We had intended to depart for San Jose early the next day, but Jose said there was a great fruit market in Alajuela, so we went to that. It was a vibrant, colourful affair, with a beer tent and live music, and we had a great time buying lots of weird tropical fruits. I got horrifically sunburnt for the first time on the trip, but it had been a fun day so I didn’t mind. Eventually at about 4pm we left for San José.

This meant we arrived just after dark, and it was raining. This is not really a sensible time to arrive in a big bustling Latin American capital, and it wasn’t long before we attracted unwanted attention. ‘Where you going?’ said a shifty looking character. ‘We’re looking for the Tica Linda hostel’ we said. He strode off purposefully, beckoning to us to follow him. Having no better plan, we did just that. He introduced himself as Patrick Fernandez, and said he hoped we’d enjoy Costa Rica. Friendly enough, but when he began walking down very dodgy looking streets, we began to worry. Then he walked into a dark unlit park, and we began to really worry. We made it out the other side unscathed, though, and saw a sign saying ‘Hotel Rialto’. We sent Patrick on his way and checked in. Only much later did we realise that ‘Tica Linda’ means ‘pretty Costa Rican’, and we could then guess where Patrick might have been leading us.
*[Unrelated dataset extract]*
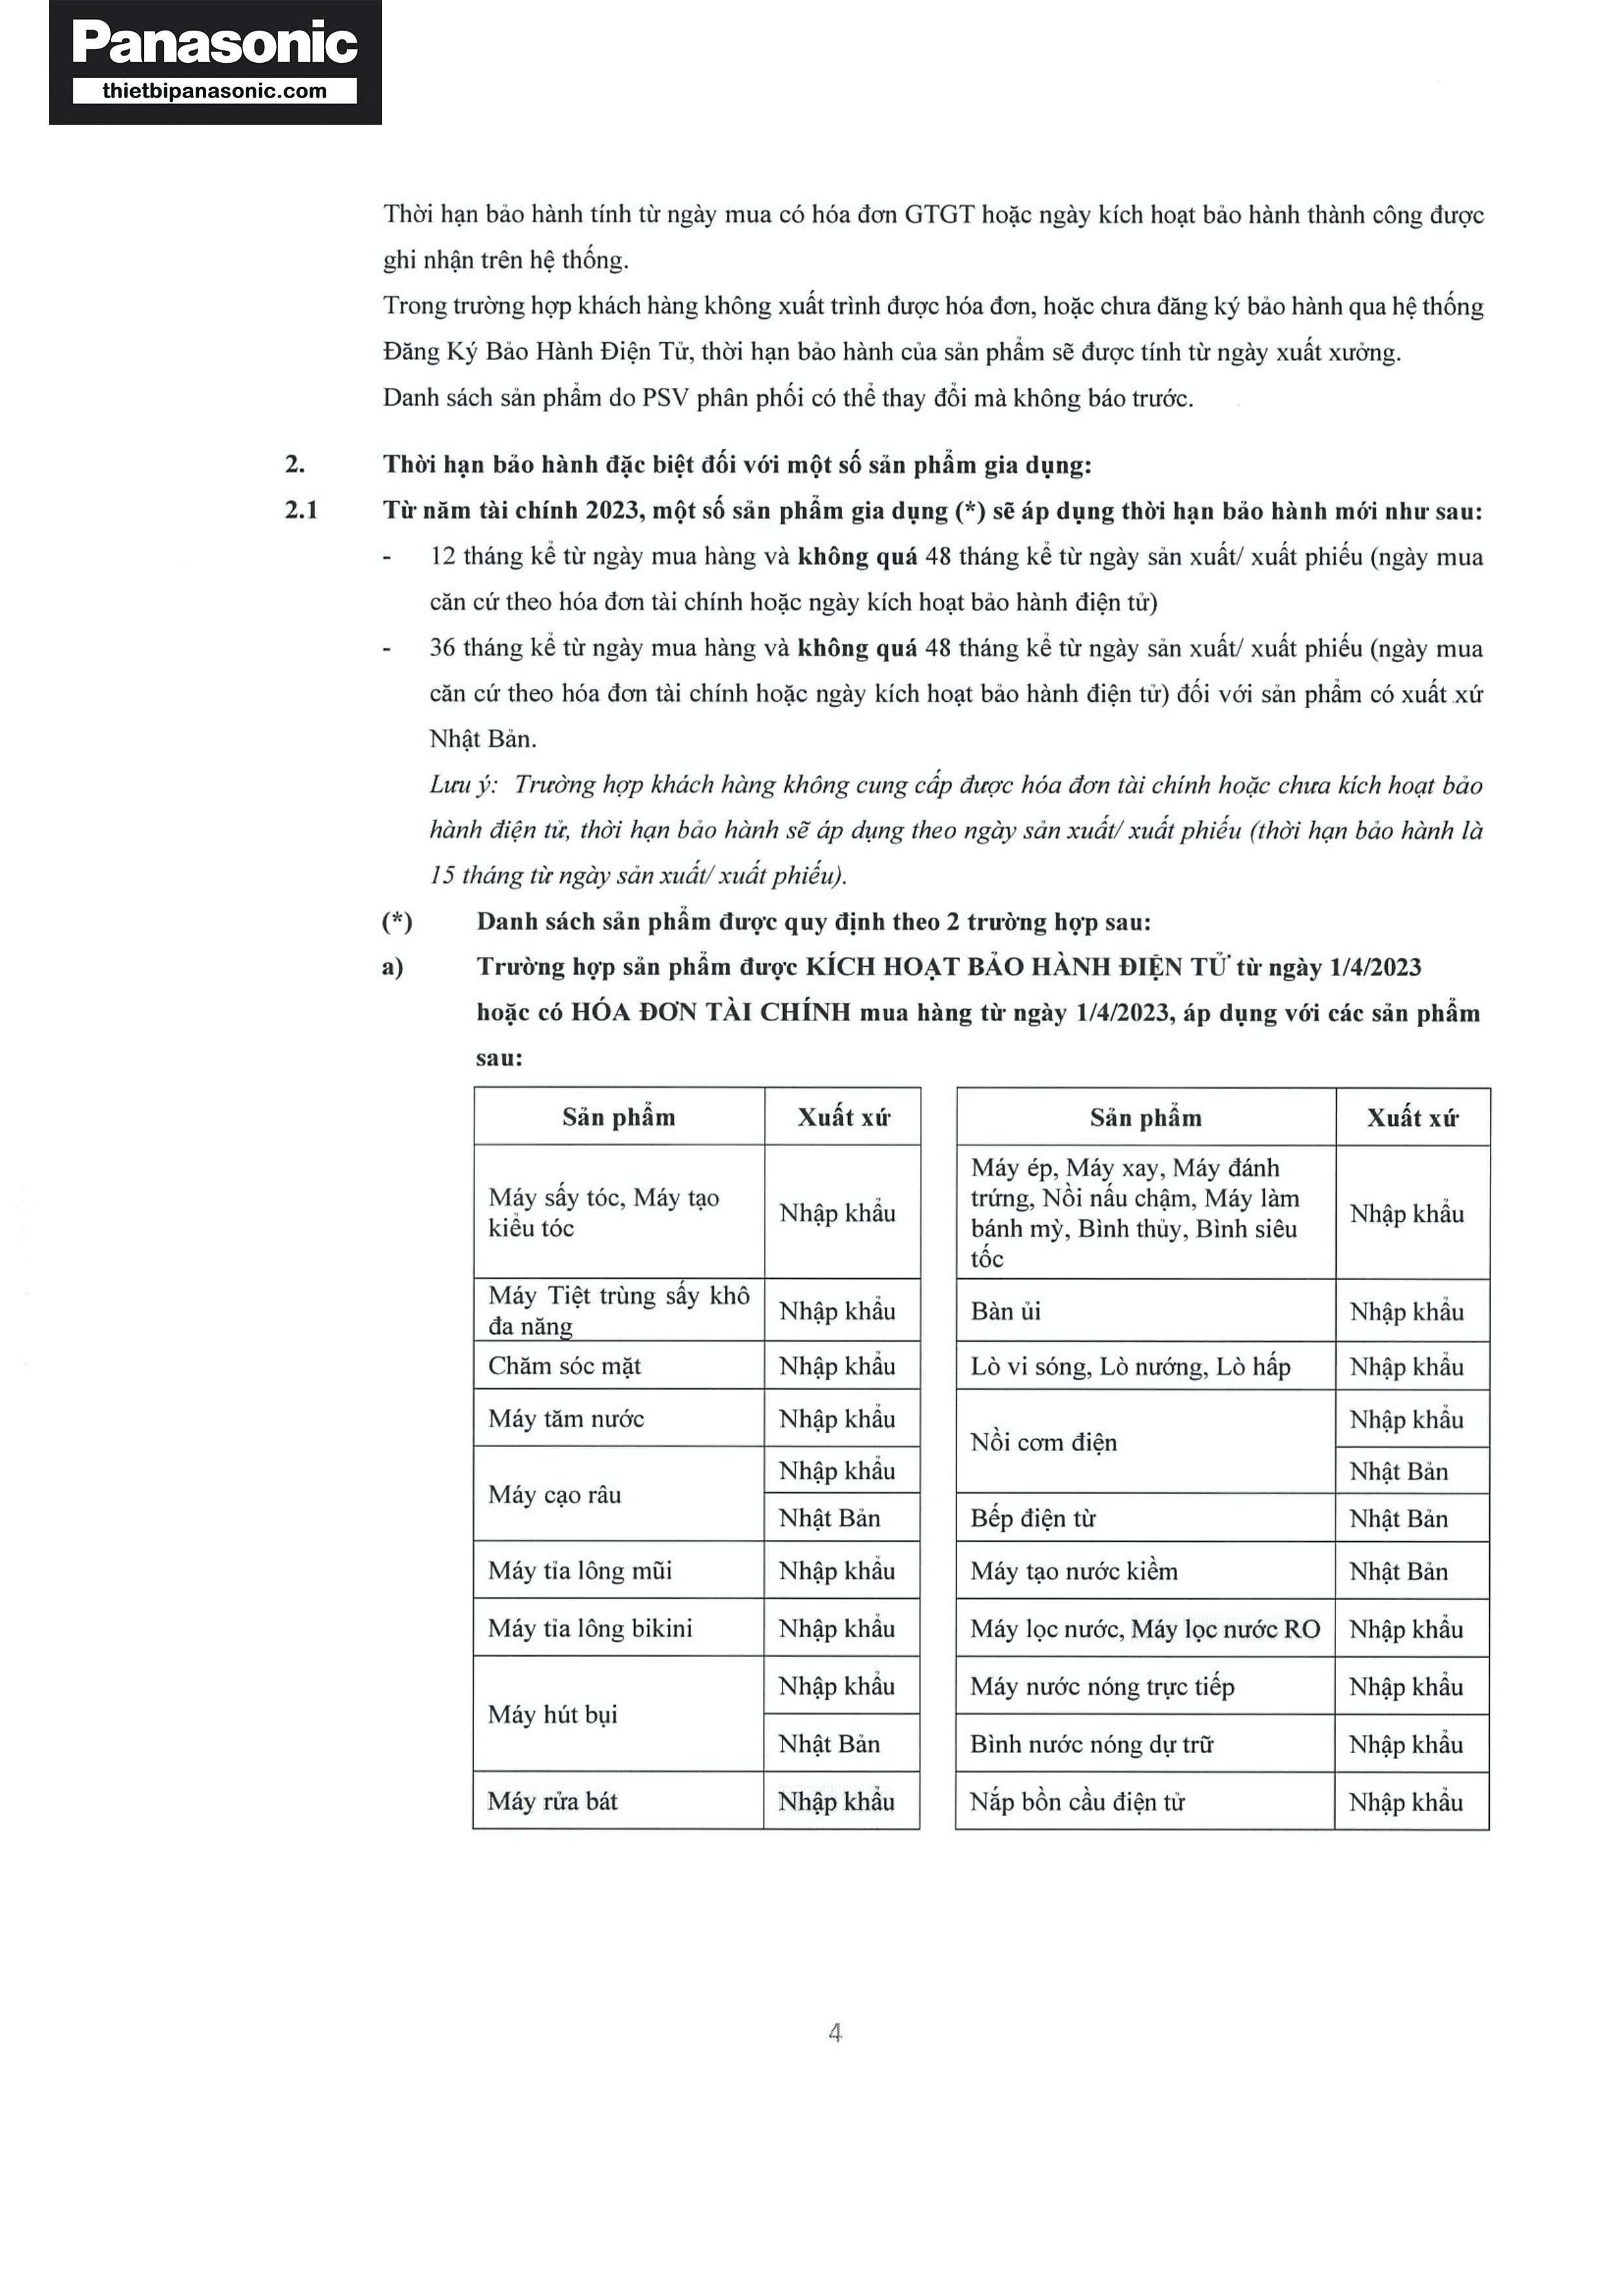 Chính sách bảo hành Panasonic năm 2023-2024 (Trang 4/6)

We managed to avoid any further dodgy situations that evening, and after a very noisy night at the Hotel Rialto, which had paper-thin walls, we got a bus the next morning to Volcán Irazú. At 3432m, it is the highest active volcano in Costa Rica, and like Poás, is a well-developed tourist attraction. However, unlike Poás, we found that the summit was cloaked in thick cloud when we got there. We walked to the edge of the crater, but we could see nothing, so we went and ate a rice and beans breakfast in the food shack near the top. However, about an hour later, things were brightening a bit, and we walked back to the crater edge. The cloud was thinning rapidly, and suddenly we could see green far below, and a few moments later the view was clear.

Irazú erupted last in 1965, but has been quiet since then. It is less lunar than Poás, and the lake is green, but otherwise it’s much the same – a rather safe, touristy, and unadventurous destination. Impressive, but we were eager to get on to more remote areas, so the next day, we got a bus over the mountainous spine of Costa Rica to Volcán Arenal.